Tuesday, July 12, 2011

Bye, sweetie

At first, they don't leave your arms. Then they're attached to your leg at the knee. Then they want to hold hands all the time. Then they're just within arm's length. And then they get bikes and learn to swim and you just stand there, watching them get a little farther away with every minute. This was an exciting week for Kid: he finally got the hang of that bike and something in his body/brain happened so that he started to swim. I stood clutching my Kindle poolside, watching his small perfect face framed by the water, as he demonstrated his new ability to float. And then he minnowed his way down to the other end of the pool in a non-too-straight line, taking all of my heart with him.

Monday, July 11, 2011

I Say Hello, You Refuse to Say Goodbye

It goes like this: two boys have been playing together like short human beings for a number of hours. Sure, there are shrieks, there are arguments, there are--shall we say--differences of opinion settled through the judicious use of fruit peels and saucy verbal jousting. But in general all is civilized. One grows proud.

And then comes the moment when the parents of the other boy arrive. And you know what happens?

Oh, not much. Only complete and utter savagery.

Wedgies are inflicted. There is hair pulling. One small boy topples the other small boy into a curio cabinet. A WEAPON IS PRODUCED even though they both know that we are trying hard around here to maintain the  impression that we are a stable suburban bungalow staffed by responsible, well-educated (if terminally dishevelled), pacifist grown-ups. One of the midgets cries. Someone swears--just yesterday I heard the dread phrase "by cracky." Motherly arms clutch futilely for squirmy bodies, motherly voices squeak ineffectually beneath the mayhem.

And two nice women experience that stomach-churning churning of stomachs that indicates that you've failed publicly, again, at this raising children thing. Yeah, okay, sure--the kids don't have hooks for hands (Jenny's yardstick for successful parenting)--BUT they are not a credit to the family.

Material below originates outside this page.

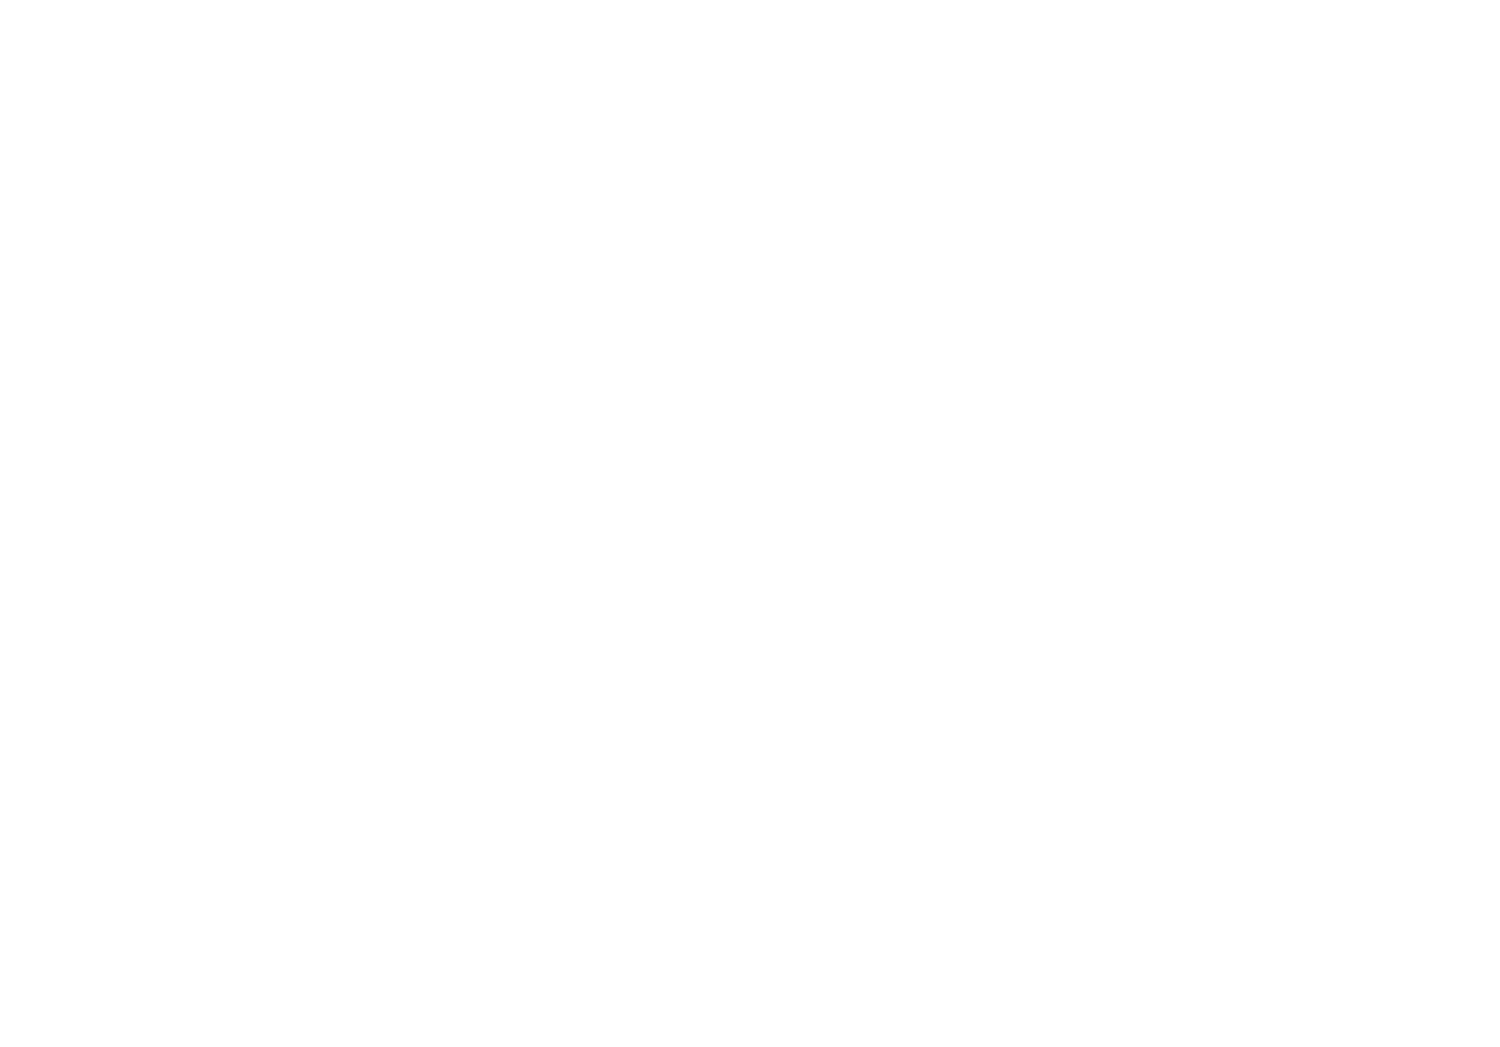 Okratron 5000

They're not a credit to the RACE. THE PEOPLE RACE. And then the wheels well and truly come off: you re-re-re-re-re-notice the ancient smashed corpse of the mosquito of 2005 on the wall just above the door. The dog-chewed shoe in the hall that was fashionable in 1999 and which bears the grimy marks of your very own five apparently not-so-clean toes. The one-lightbulb-short hall fixture that even your mother shudders at, it's so hideous. The guacamole on your shirt. You see the thought bubble above the other mom's head: "Oh, SHE'S the mother of that child who wore ONE PAIR OF SOCKS the entire week he was away at camp."

The threshold is supposed to be a magical and hotly contested place of ghosts and angels, vengeful gods of the forest demanding entrance and determined gods of the hearth saying "No way, not on my watch you don't, you filthy beast." Guess what? It's true.